Ozzie jerked a thumb over his shoulder. “There, nine kilometers.”

“I apologize,” Tochee said. “My instruments do not possess a navigation function like yours.”

“Did you see anything interesting?” Orion asked.

“Many trees. Some small flying creatures. No large or sentient life.”

“Too bad.” The boy cut a big slice out of a purplish fruit with his penknife, and bit into it eagerly. Juice dribbled down his chin, getting caught in his wispy beard. “Were there any caves?”

“I did not see any.”

“There’s got to be a way in to the core somewhere. I wonder if it’s right on the tip of the spires.
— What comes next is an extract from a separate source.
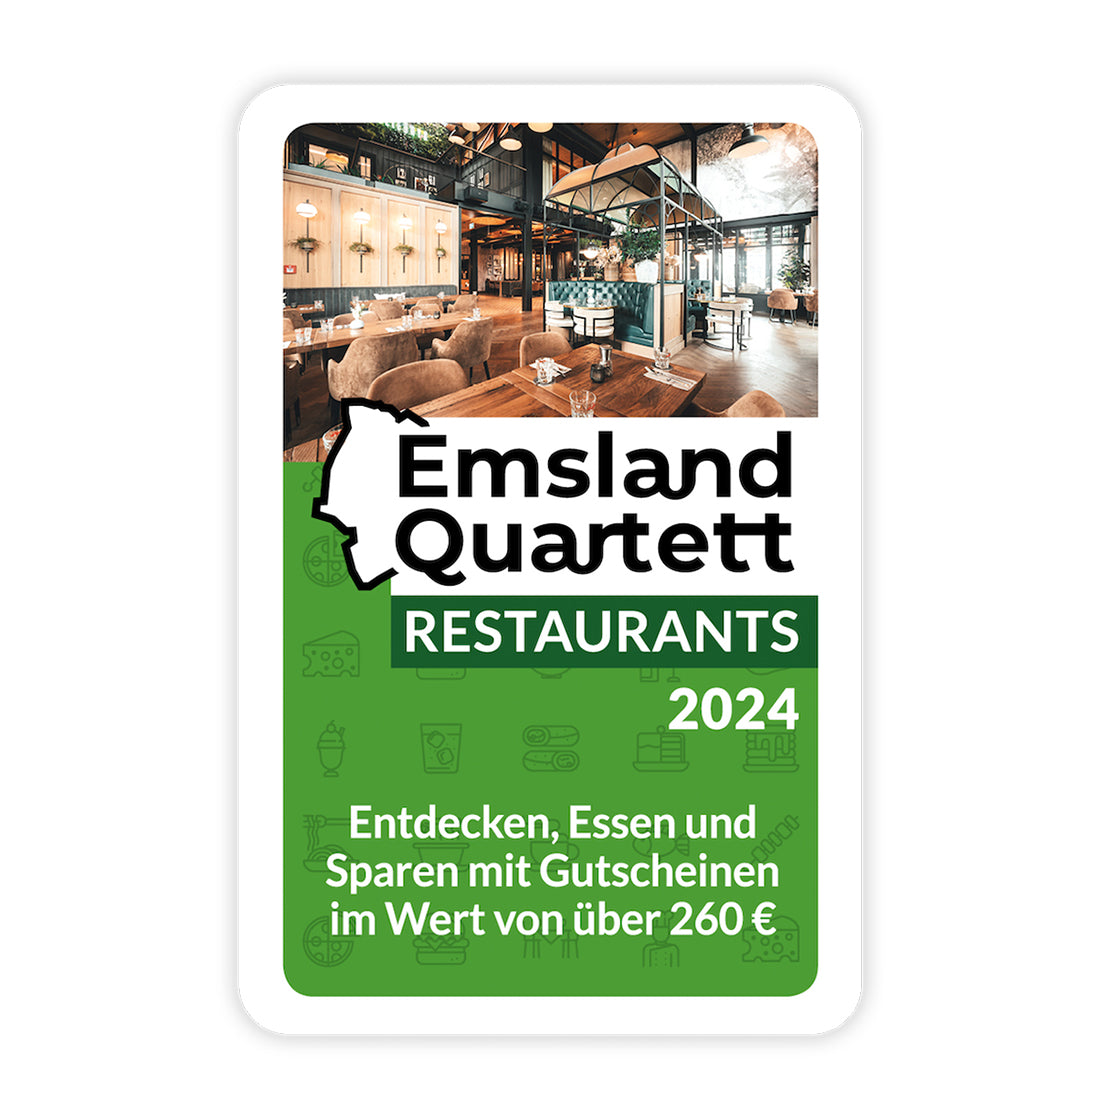 Emsland Quartett Restaurants 2024
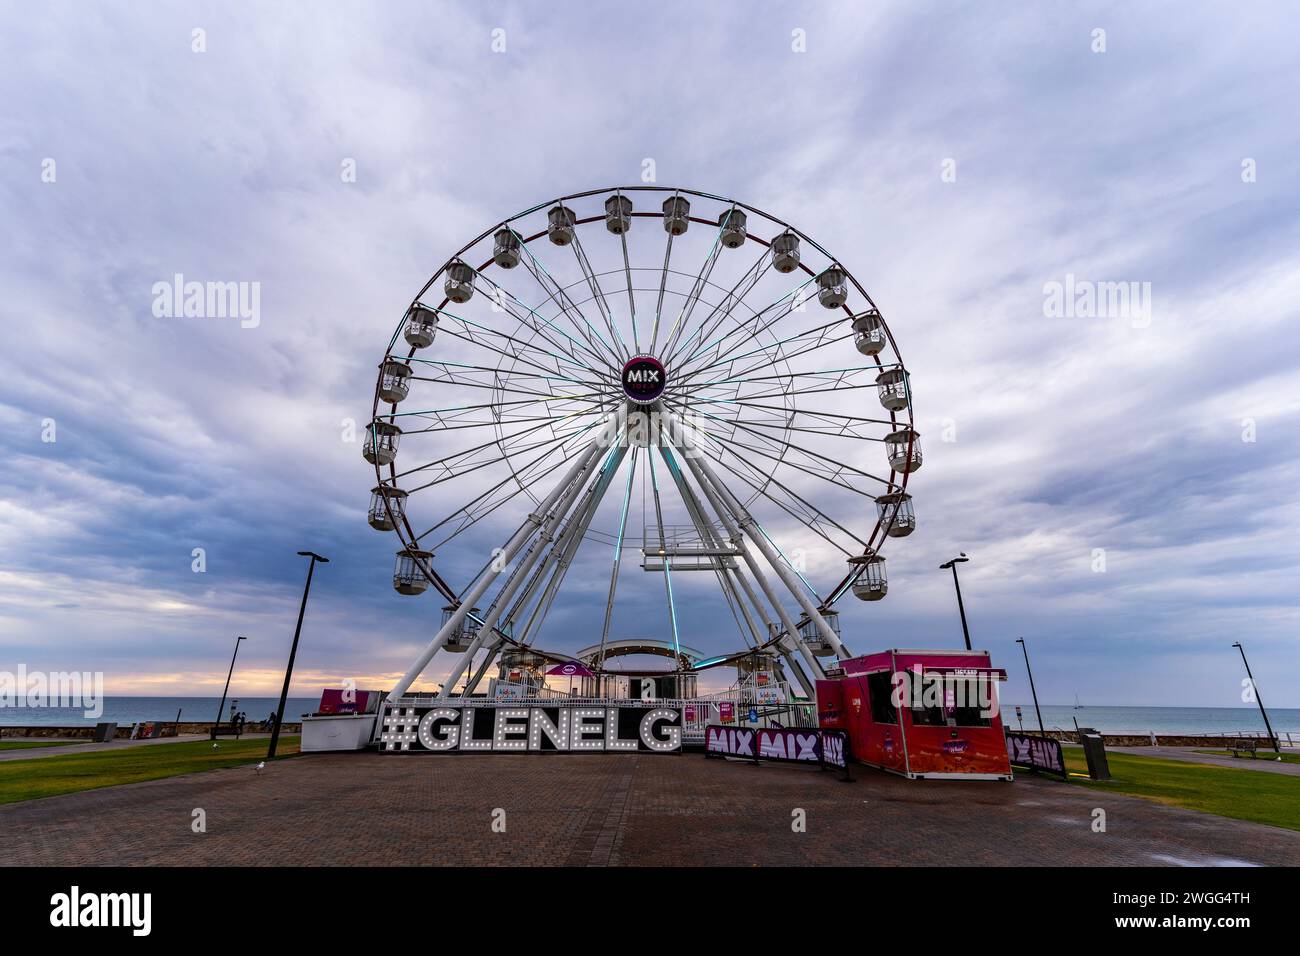 La roue Skyline à Glenelg. Adélaïde, Australie méridionale. Banque D'Images

There can’t be any gravity along the axis, that’s where it all balances out, Ozzie said so. I bet that’s just one long tunnel the whole length of this thing.”

“Logic would dictate the shortest distance. An access passage to the core would surely begin on the surface at the middle.”

“Yeah. I bet there’s a whole load of caves and stuff. It’ll be where the reef’s inhabitants live, like the Morlocks.”

Ozzie took another drink of chocolate, not making eye contact. He was already regretting telling that story.

“Do you still think something lives here, friend Orion?” Tochee asked.

“What’s the point of it otherwise?”

“I have seen no sign of any large creature.”

“No, ’cause they’re underground.”

Ozzie finished his chocolate and retied his hair with a small band of leather so that it didn’t flop down over his eyes. “They are not underground,” he said. “You do not build islands in something like the gas halo, and then populate them with troglodyte species. Nothing lives here.”

“What’s a trogodite?” Orion asked.

“Someone who lives underground.”

“Excuse me, friend Ozzie,” Tochee said. “But this whole gas halo is lacking in logic. We might yet find some life belowground. Why else would you build islands in the sky?”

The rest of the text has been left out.